Проклятие рода Уиллоуби. Часть IV

       Часть IV
В семействе Уиллоуби был действителен закон о майорате: не только титул, но и собственность передавалась из поколение в поколение по мужской линии, дочери таких прав не имели. Поэтому вопрос о замужестве многочисленных мисс Уиллоуби решался достаточно просто: всегда находился тот или иной кузен подходящего возраста (или хотя бы не вызывающий отвращения), и брачный контракт заключался к обоюдной радости обеих сторон. Да еще и вопрос веры, к которому представители рода относились так трепетно… все это в целом способствовало закрытости атмосферы, некой самодостаточности рода как такового, но, боюсь, им присуща некая спесь и ощущение своей избранности, угодно ли это Господу? Пусть их духовный наставник заботится о душах своих подопечных, моя роль скромнее и проще.

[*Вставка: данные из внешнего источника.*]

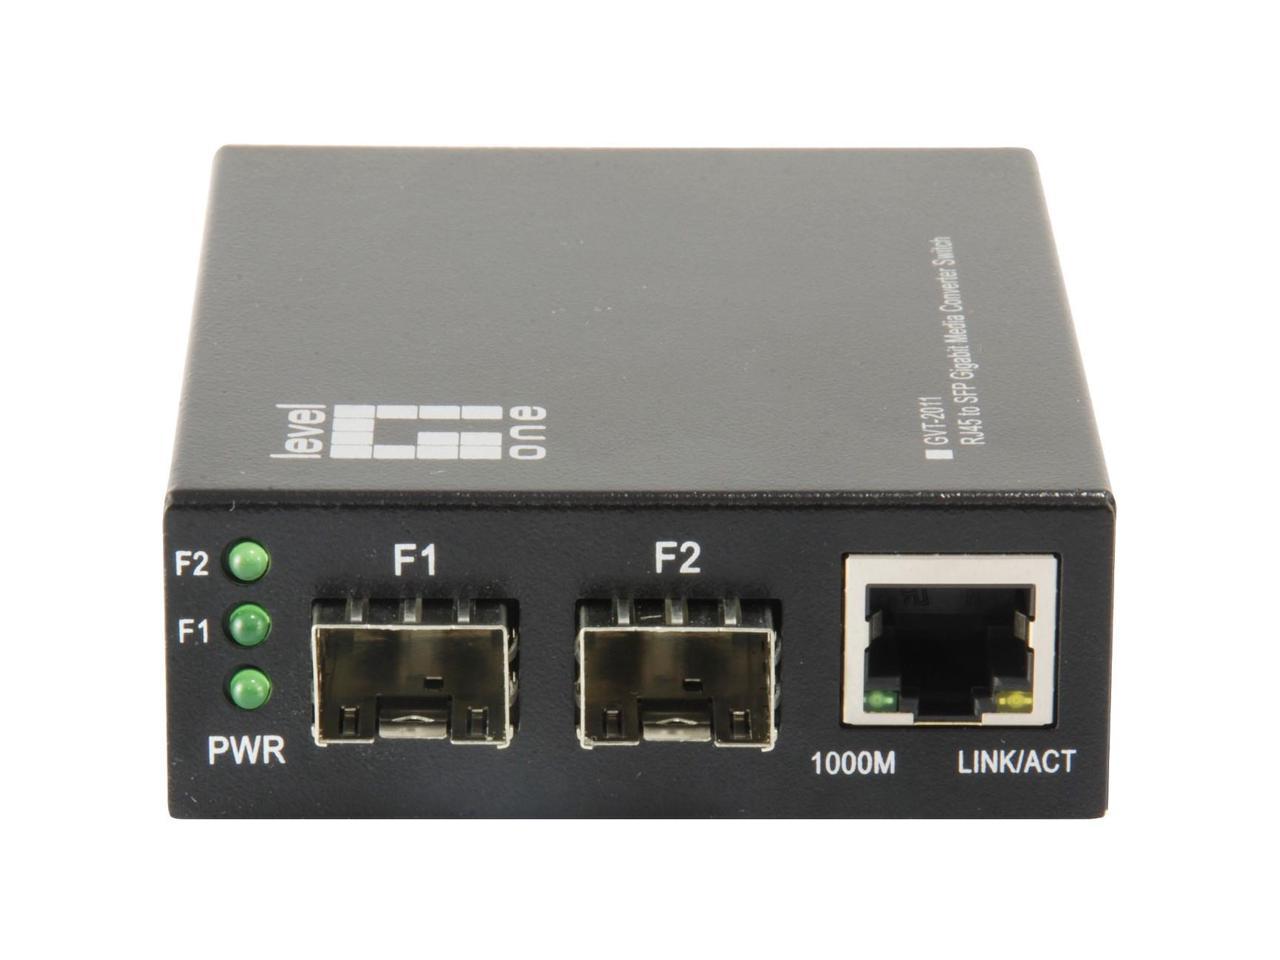 LevelOne RJ45 to SFP Gigabit Media Converter Switch 2 x SFP 1 x RJ45

Я забыл представиться – Томас Прескотт, мне выпала нелегкая задача поведать о юридических разногласиях в семействе своих клиентов: Уиллоуби и Джонсонов. Я не могу позволить себе такую роскошь, как выбор клиентов, исходя из личных симпатий и антипатий, иначе, боюсь, у меня бы их не было вообще. Уиллоуби и Джонсонов я, положа руку на сердце, должен признать, что не выбрал бы, будь на то моя воля. Но я – всего лишь младший партнер в в адвокатской конторе «Джордан и Прескотт», и этим сказано все.
Никто из Уиллоуби не отличался здравым смыслом, все они вместе и по отдельности – это нечто. Но я попытаюсь их описать. Майлз Уиллоуби – чудаковатый старик, страдающий манией преследования, впрочем, он еще довольно терпим по сравнению со своими неотесанными сыновьями-бездельниками и вредными и противными дочками. В том доме я стараюсь бывать только в случае крайней необходимости. Сэр Фрэнсис был мягче, но он – маразматик, которого может любой аферист обвести вокруг пальца, и юному Джону Уилфреду Джонсону это вполне удалось (но о Джоне потом). С ним вполне можно было нормально общаться, если только не задавать ему никаких вопросов, не рассказывать вообще ни о чем.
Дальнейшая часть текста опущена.